Wali Kota Palangka Raya Fairid Naparin memberikan keterangan kepada awak media usai menghadiri Rapat Paripurna DPRD Kota Palangka Raya terkait pembahasan dua raperda, Selasa (30/6/2026).
PALANGKA RAYA, TOVMEDIA.CO.D – Pemerintah Kota Palangka Raya bersama DPRD Kota Palangka Raya resmi menyepakati dua Rancangan Peraturan Daerah (Raperda) dalam Rapat Paripurna ke-8 Masa Persidangan III Tahun Sidang 2025/2026 yang digelar di Ruang Rapat Paripurna DPRD Kota Palangka Raya, Selasa (30/6/2026).
Dua raperda yang disepakati tersebut meliputi pembahasan pertanggungjawaban pelaksanaan APBD Tahun Anggaran 2025 serta Raperda tentang Kepramukaan yang selanjutnya akan memasuki tahapan pembahasan lanjutan.
Usai rapat, Wali Kota Palangka Raya, Fairid Naparin, menyampaikan apresiasi kepada seluruh jajaran DPRD Kota Palangka Raya yang telah bersama-sama menyepakati dua raperda tersebut.
Menurut Fairid, kesepakatan itu menjadi bentuk komitmen bersama antara pemerintah daerah dan legislatif untuk terus memperbaiki tata kelola pemerintahan, khususnya pengelolaan anggaran daerah agar semakin efektif, efisien, terukur, serta memberikan dampak nyata bagi pembangunan Kota Palangka Raya.
“Pada prinsipnya kami sama-sama berkomitmen bagaimana tata kelola anggaran dan jalannya pemerintahan dari tahun ke tahun harus terus mengalami progres perbaikan, sehingga hasil pembangunan benar-benar dirasakan masyarakat,” ujarnya kepada awak media.
Terkait Raperda Kepramukaan, Fairid menegaskan regulasi tersebut diharapkan tidak hanya menjadi aturan administratif semata, melainkan mampu menjadi instrumen nyata dalam pembinaan karakter generasi muda di Kota Palangka Raya.
Ia menilai pembinaan melalui kegiatan kepramukaan penting untuk memperkuat karakter anak-anak dan remaja di tengah berbagai persoalan sosial yang terus berkembang di masyarakat.
“Jangan sampai perda ini hanya menjadi administrasi saja.
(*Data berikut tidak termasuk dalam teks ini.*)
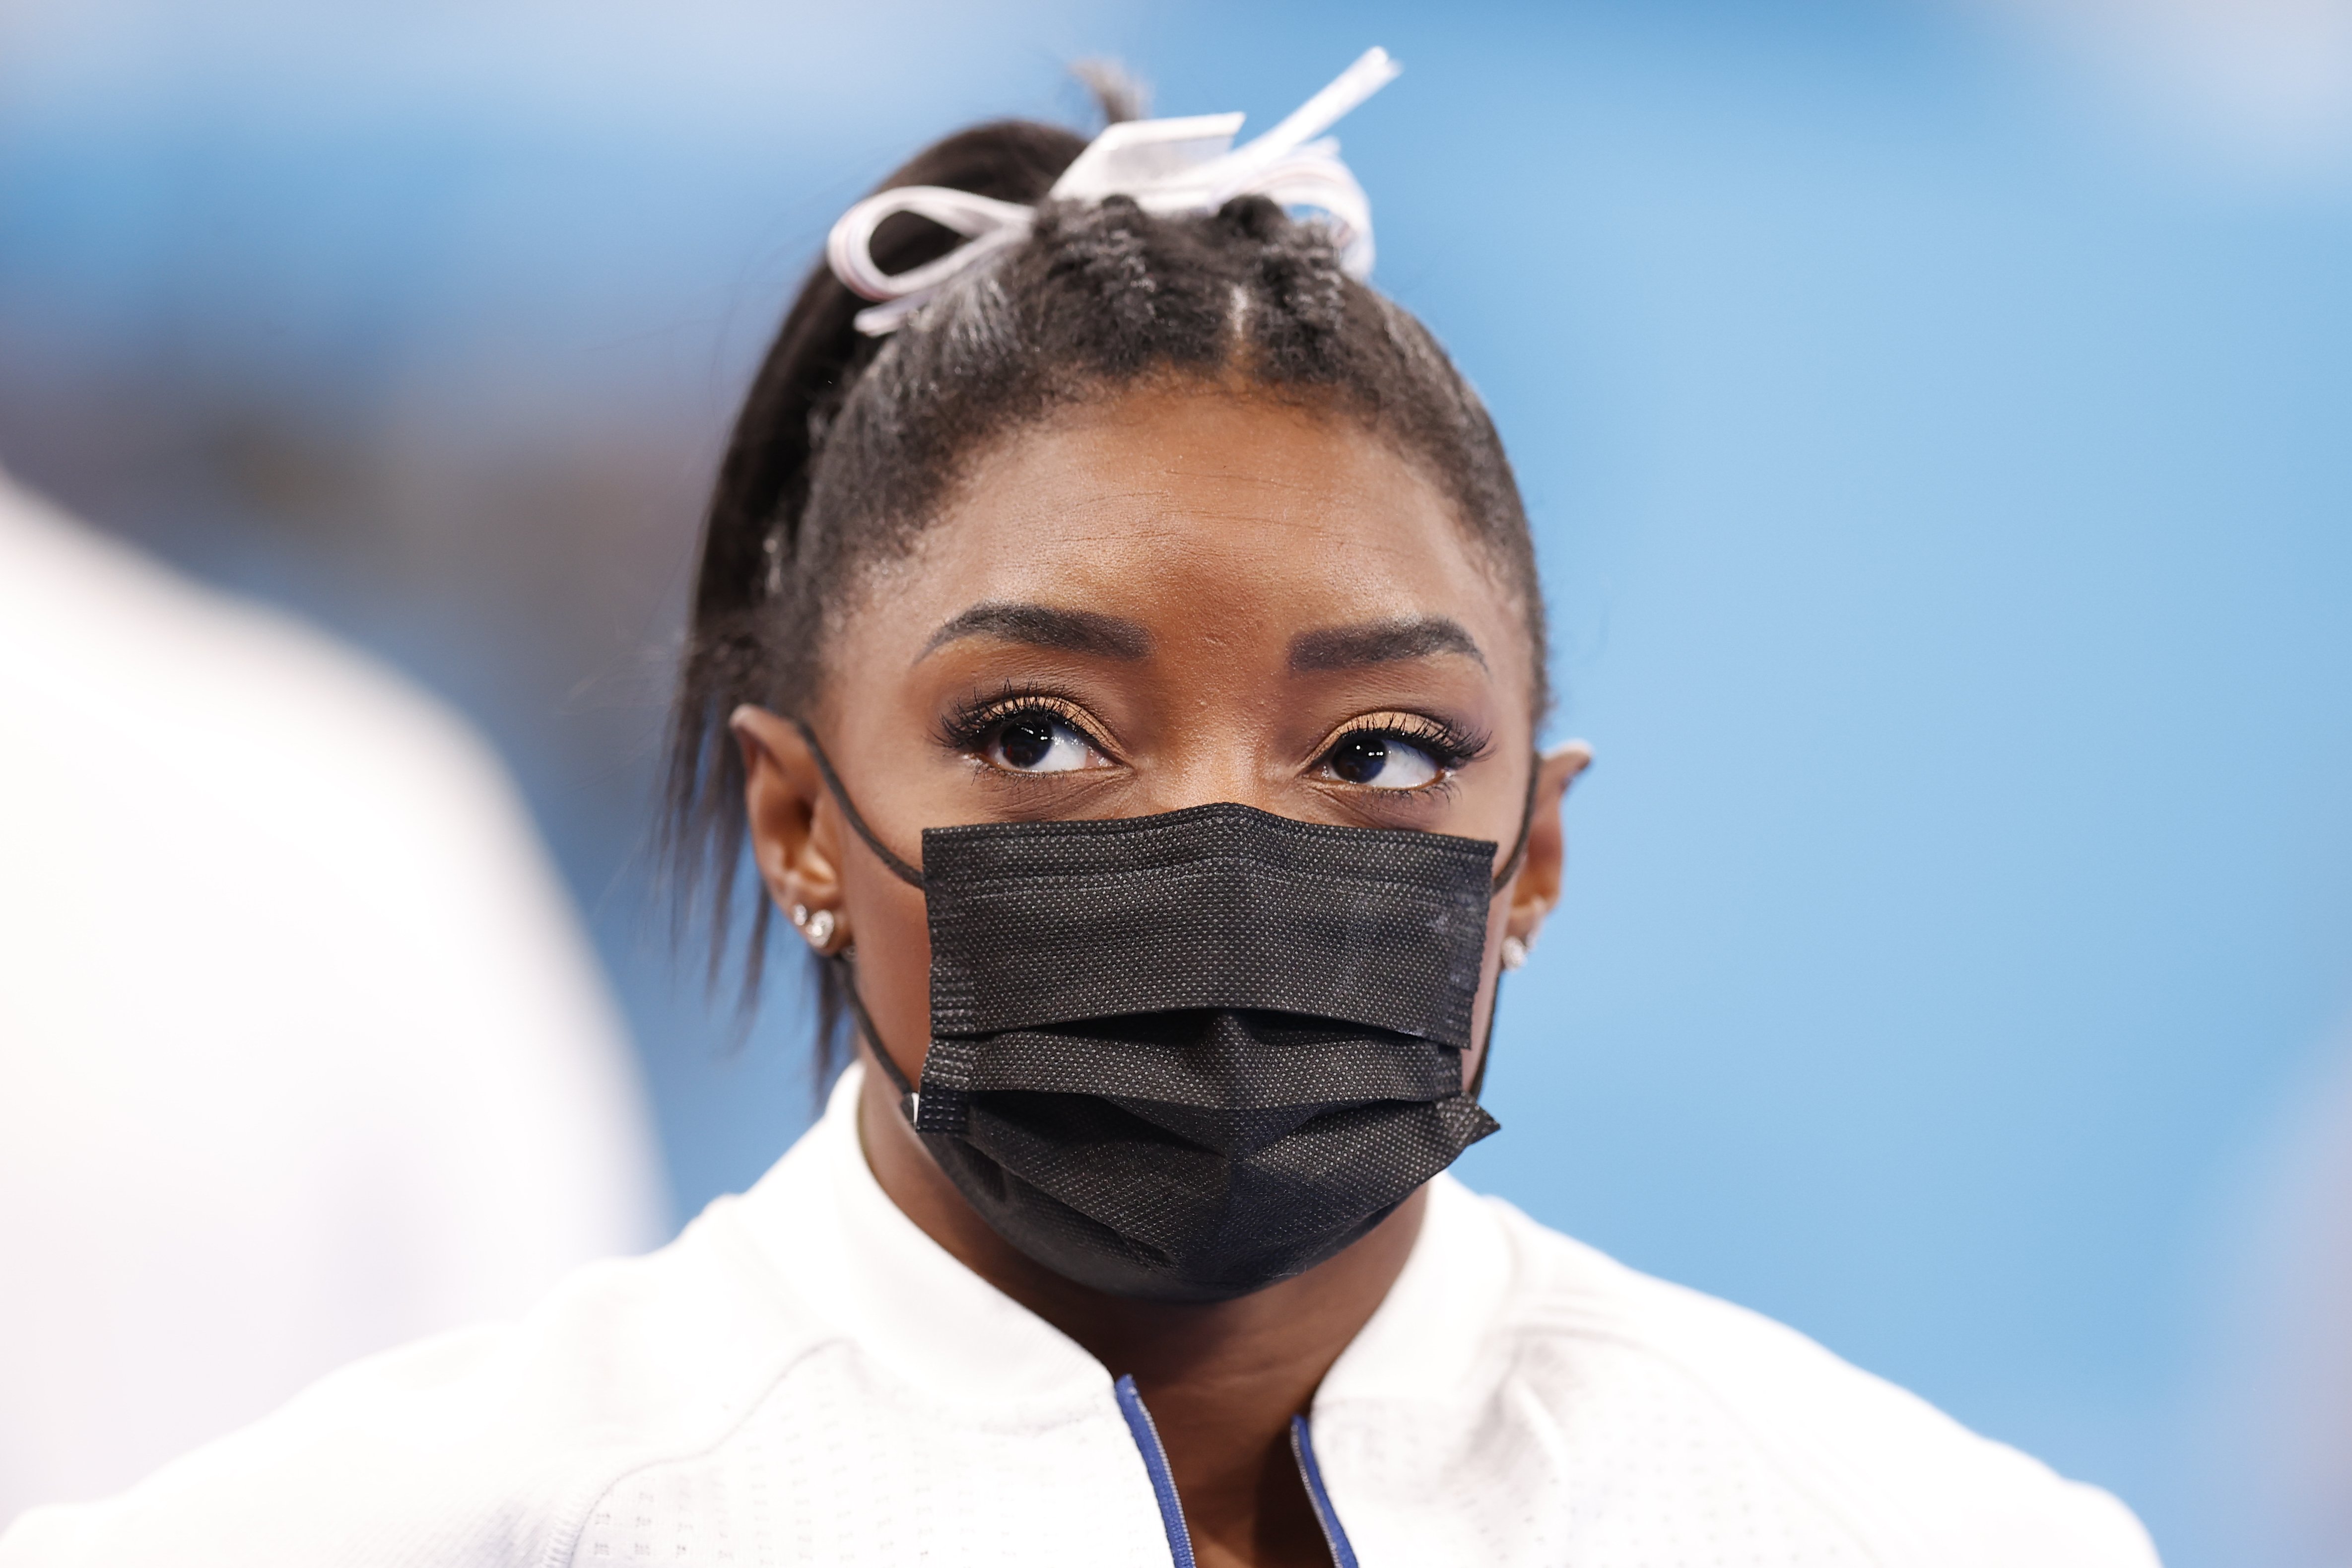 Simone Biles of Team United States looks on during the Women's Team Final on day four of the Tokyo 2020 Olympic Games at Ariake Gymnastics Centre on July 27, 2021 in Tokyo, Japan.| Source: Getty Images

Bagaimana ke depan Pramuka bisa lebih digalakkan lagi, dibina lebih baik, karena itu juga bagian dari membentuk karakter generasi muda supaya lebih tangguh,” kata Fairid.
Selain itu, Pemerintah Kota Palangka Raya memastikan komitmen dukungan terhadap kegiatan kepramukaan tetap berjalan, termasuk dukungan anggaran yang selama ini dialokasikan setiap tahun.
Namun demikian, Fairid menekankan agar implementasi program tetap dijalankan secara proporsional dan tidak menimbulkan beban berlebihan, dengan melibatkan dukungan lintas sektoral dari berbagai stakeholder terkait.
“Tiap tahun bantuan untuk Pramuka tetap ada. Tapi tentu pelaksanaannya harus tetap berjalan baik, tidak membebani, dan harus melibatkan dukungan bersama lintas sektor,” pungkasnya.
Pemerintah Kota Palangka Raya berharap pembahasan dua raperda tersebut nantinya dapat melahirkan kebijakan yang tidak hanya memperkuat tata kelola pemerintahan daerah, tetapi juga memberikan manfaat langsung bagi pembangunan dan pembinaan masyarakat secara berkelanjutan.